Eleventh Circuit ruling halts DOT directive targeting nine-year partnership as US-Mexico aviation tensions escalate over cargo operations

The United States Court of Appeals for the Eleventh Circuit has temporarily halted a Department of Transportation (DOT) order of 15 September to force Delta Air Lines and Aeromexico to unwind their joint venture (JV) by 1 January.
The airlines had gone to court to block the DOT order to repeal the nearly nine-year-old JV in which the carriers coordinate on US-Mexico flights.
The DOT order was issued in September as part of several actions taken by the US aimed at Mexico’s aviation sector in light of its anti-competition concerns.
The order would terminate antitrust immunity and withdraw the approval the DOT had previously given to the Joint Cooperation Agreement between Aeromexico and Delta.
An Aeromexico statement noted that the effectiveness of the DOT’s order is now “stayed pending resolution of the judicial review”.
This is the latest move in a long-running saga.
In July this year, the US government placed restrictions on Mexico’s air cargo and passenger operations in response to what it said was “abuse” of the 2015 US-Mexico Air Transport Agreement and ongoing anti-competitive behaviour.
According to the DOT, Mexico has not been in compliance with the agreement since carriers were required to move cargo operations from Benito Juarez International Airport, known as Mexico City International Airport (MEX), to Felipe Angeles International Airport (AFIA).
Cargo operations were moved from MEX to AFIA to reduce congestion, a decision that was criticised by IATA and the DOT said the action served to disrupt the market.
It said: “In 2023, Mexico unilaterally forced all U.S. all-cargo carriers out of MEX under the same saturation pretences with only 108 business days advance notice.

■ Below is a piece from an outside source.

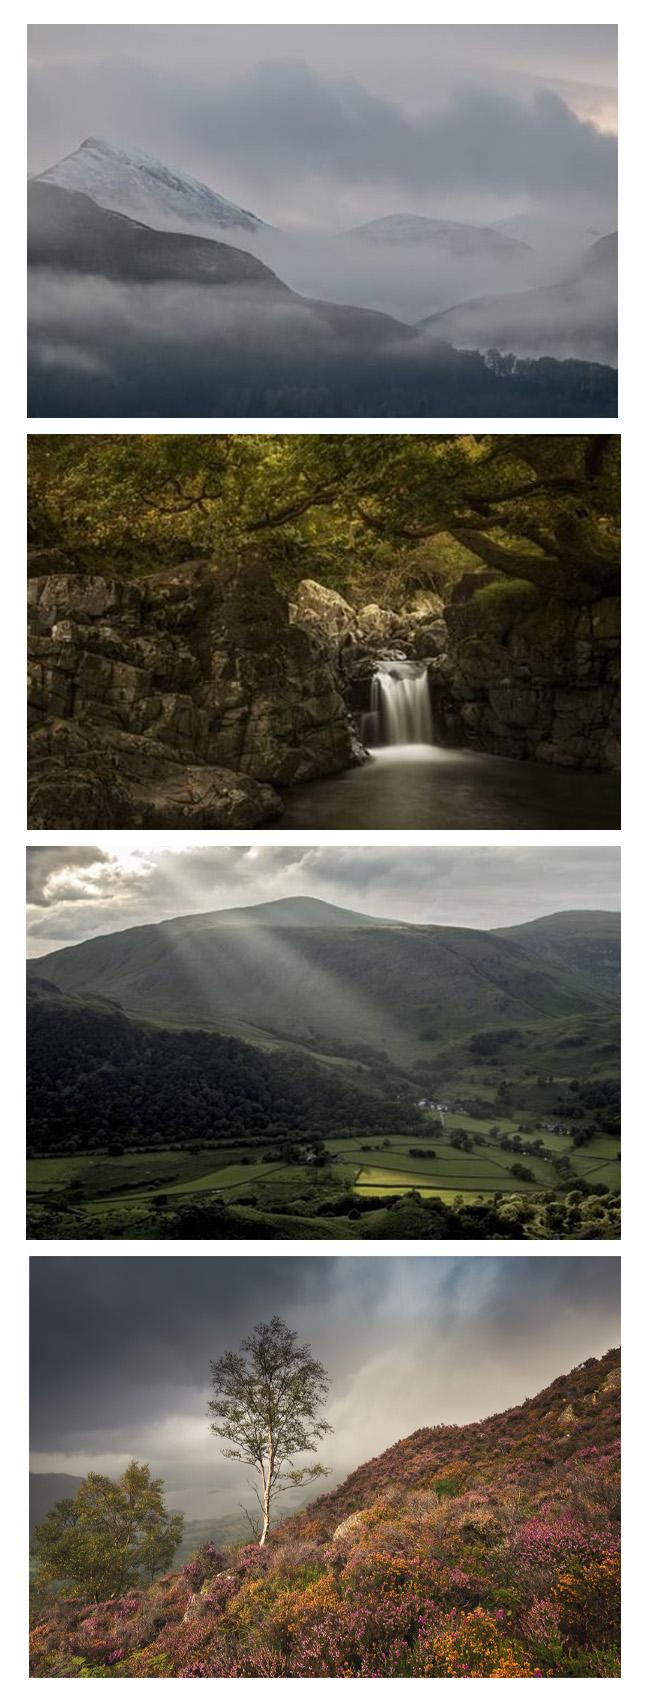 Top three:Carmen Norman Photography  Bottom Image: Stuart McGlennon Photography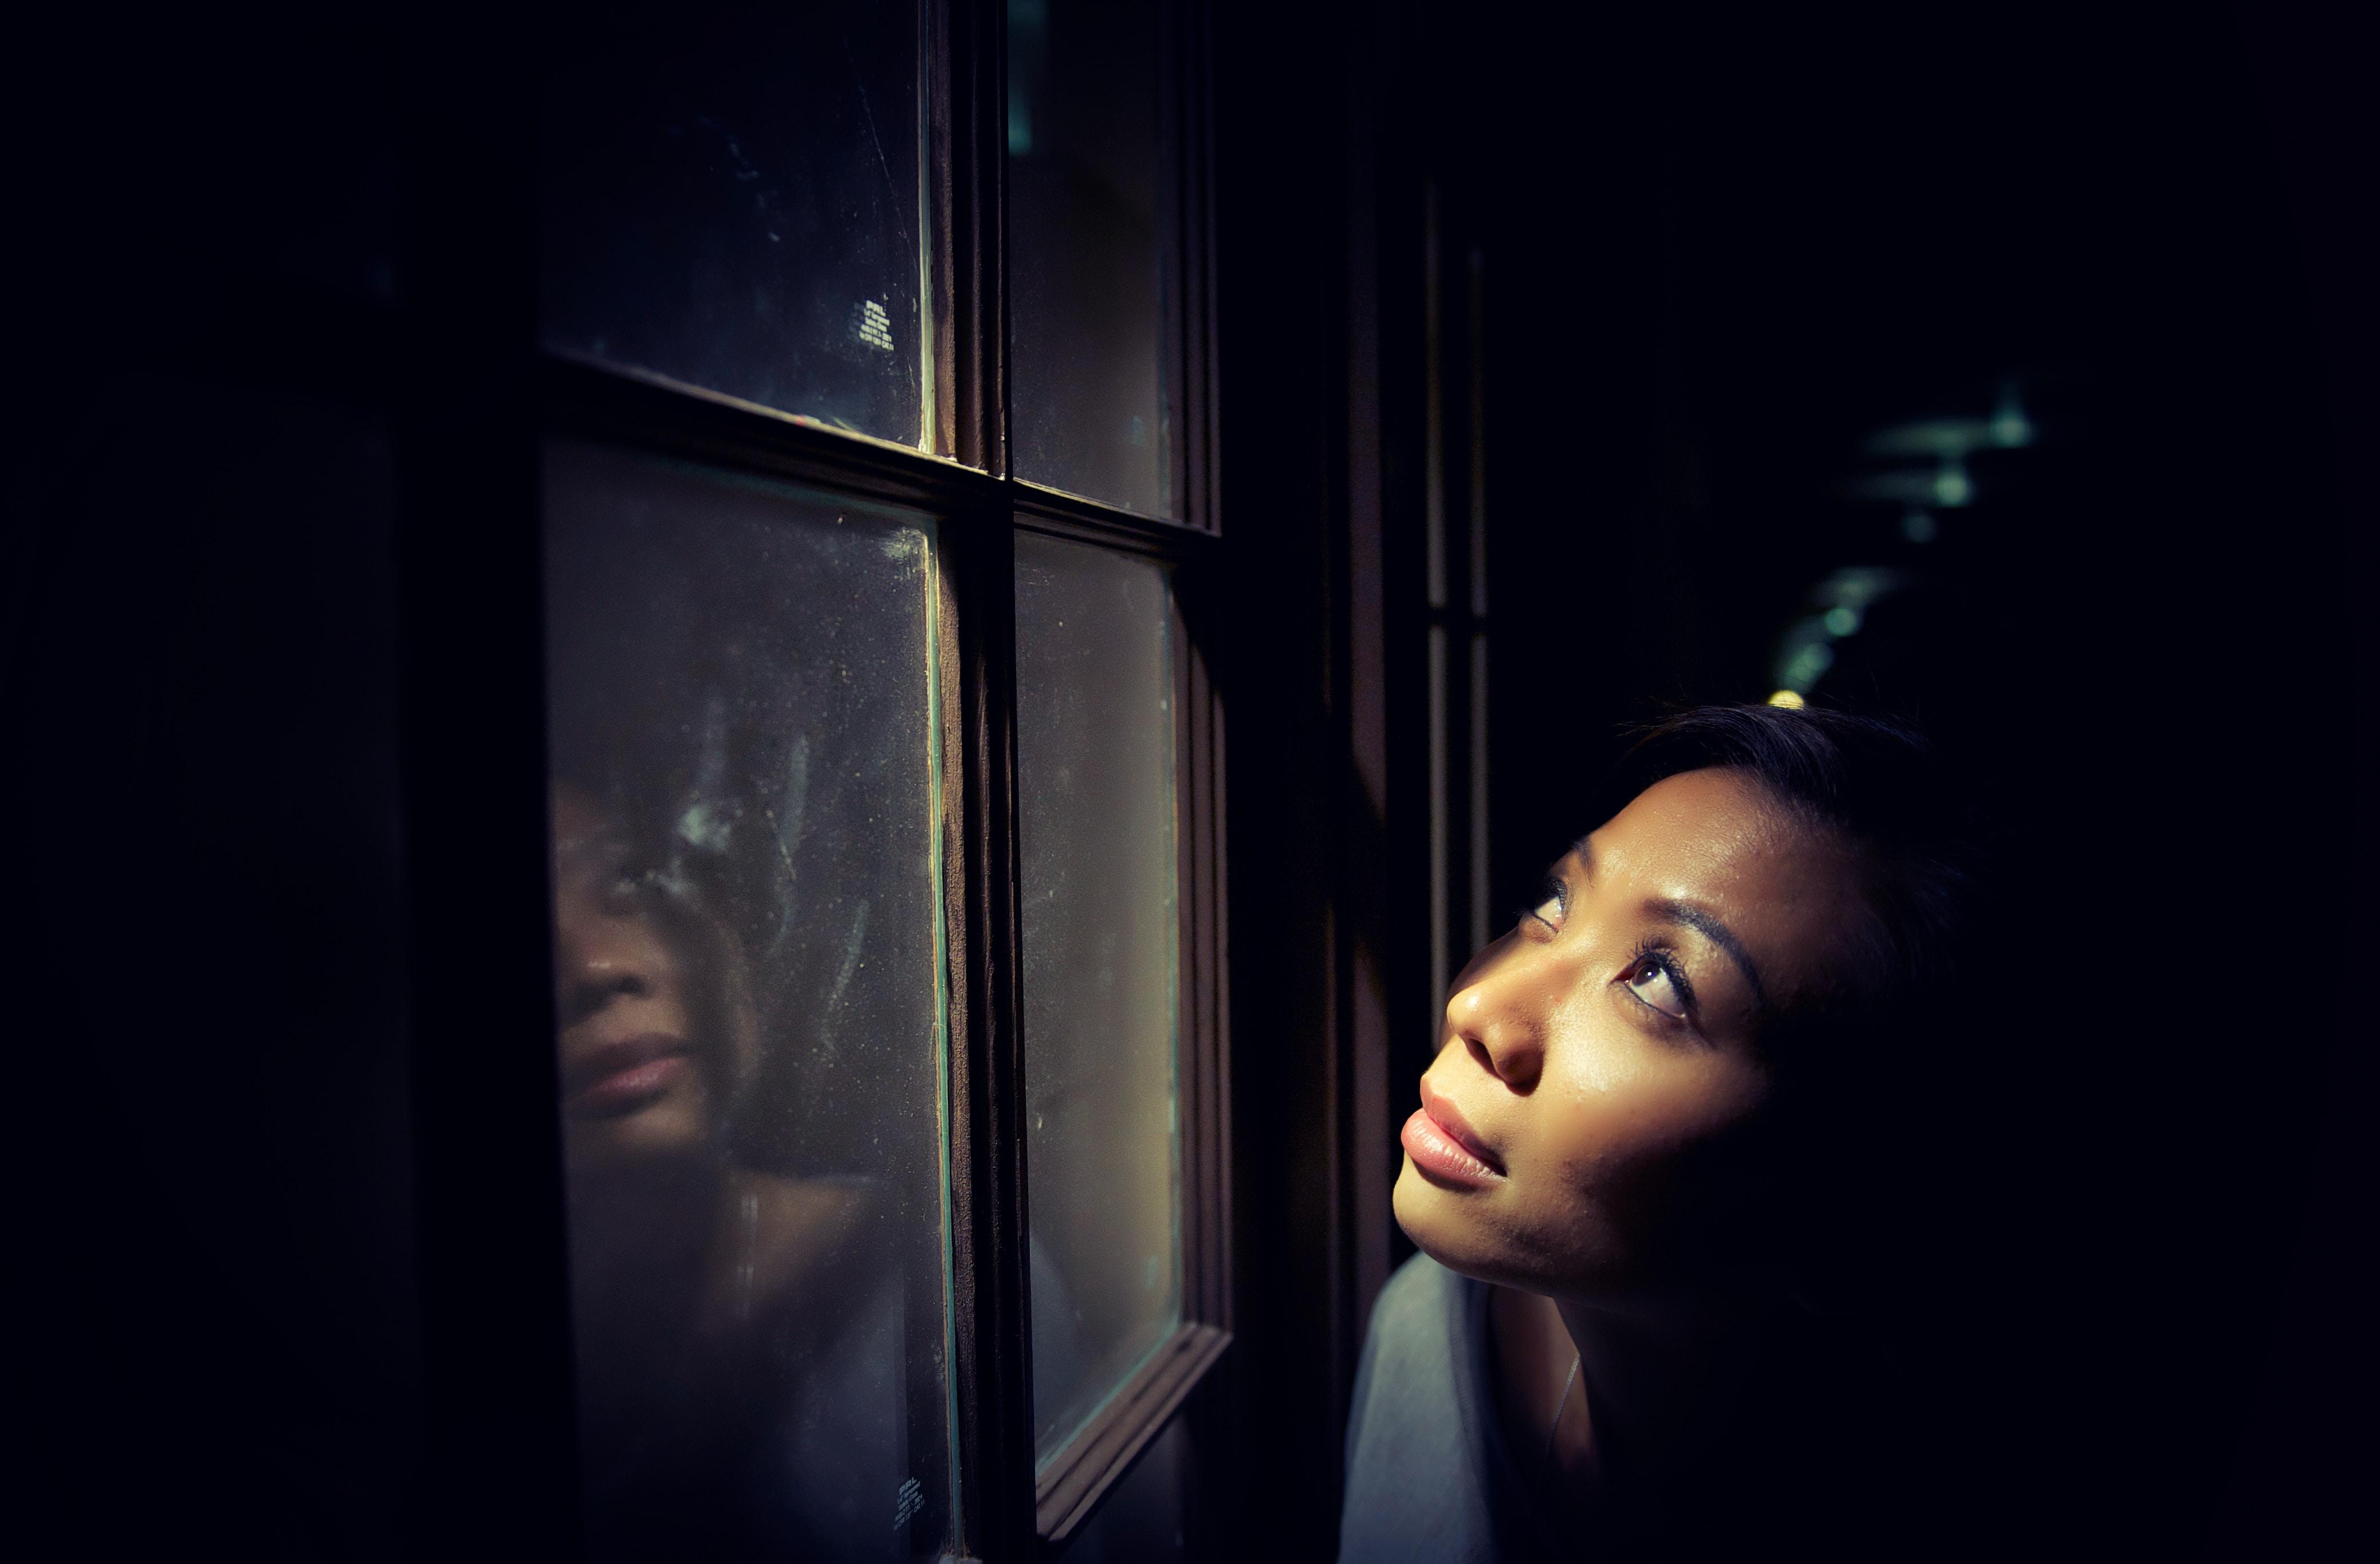 woman looking up behind window

“Mexico has not taken any action to restore the operating rights of U.S. all-cargo carriers guaranteed in the U.S.-Mexico Air Transport Agreement.”
A couple of months later, the US government ordered Delta and Aeromexico to dissolve their JV, part of that ongoing disagreement with Mexico over the 2015 U.S.-Mexico Air Transport Agreement.
The country’s behaviour is anti-competitive and disadvantages U.S. carriers, and means Delta and Aeromexico have an unfair advantage, the US DOT said then in a press release.
“Mexico’s non-compliance intervenes in the market to provide an unfair advantage to Delta and Aeromexico, who operated a price- and capacity-setting joint venture with conditional approval by USDOT,” it declared.
The Delta-Aeromexico JV must wind down by 1 January 2026, the DOT urged, saying that Delta/Aeromexico would be required to discontinue competitively sensitive activities such as common pricing, capacity management and revenue sharing that require antitrust immunity.
However, Delta and Aeromexico would be able to continue their partnership through arms-length activities such as codesharing, marketing, and frequent flyer cooperation, it conceded.
But the decision of the Eleventh Circuit Court puts all that in some doubt, at least for the moment.
Earlier this month, the Airforwarders Association (AfA) warned against the reduction in air cargo capacity and of disruption in supply chains that is likely to follow the US government’s withdrawal of 13 routes operated by Mexican airlines.
US Transportation Secretary, Sean Duffy, announced the decision to prevent several Mexican carriers from operating passenger flights into the US at the end of October, removing valuable bellyhold capacity.
But Brandon Fried, AfA executive director, said: “The loss of these flights won’t just affect passengers; it pulls critical cargo capacity out of the market.”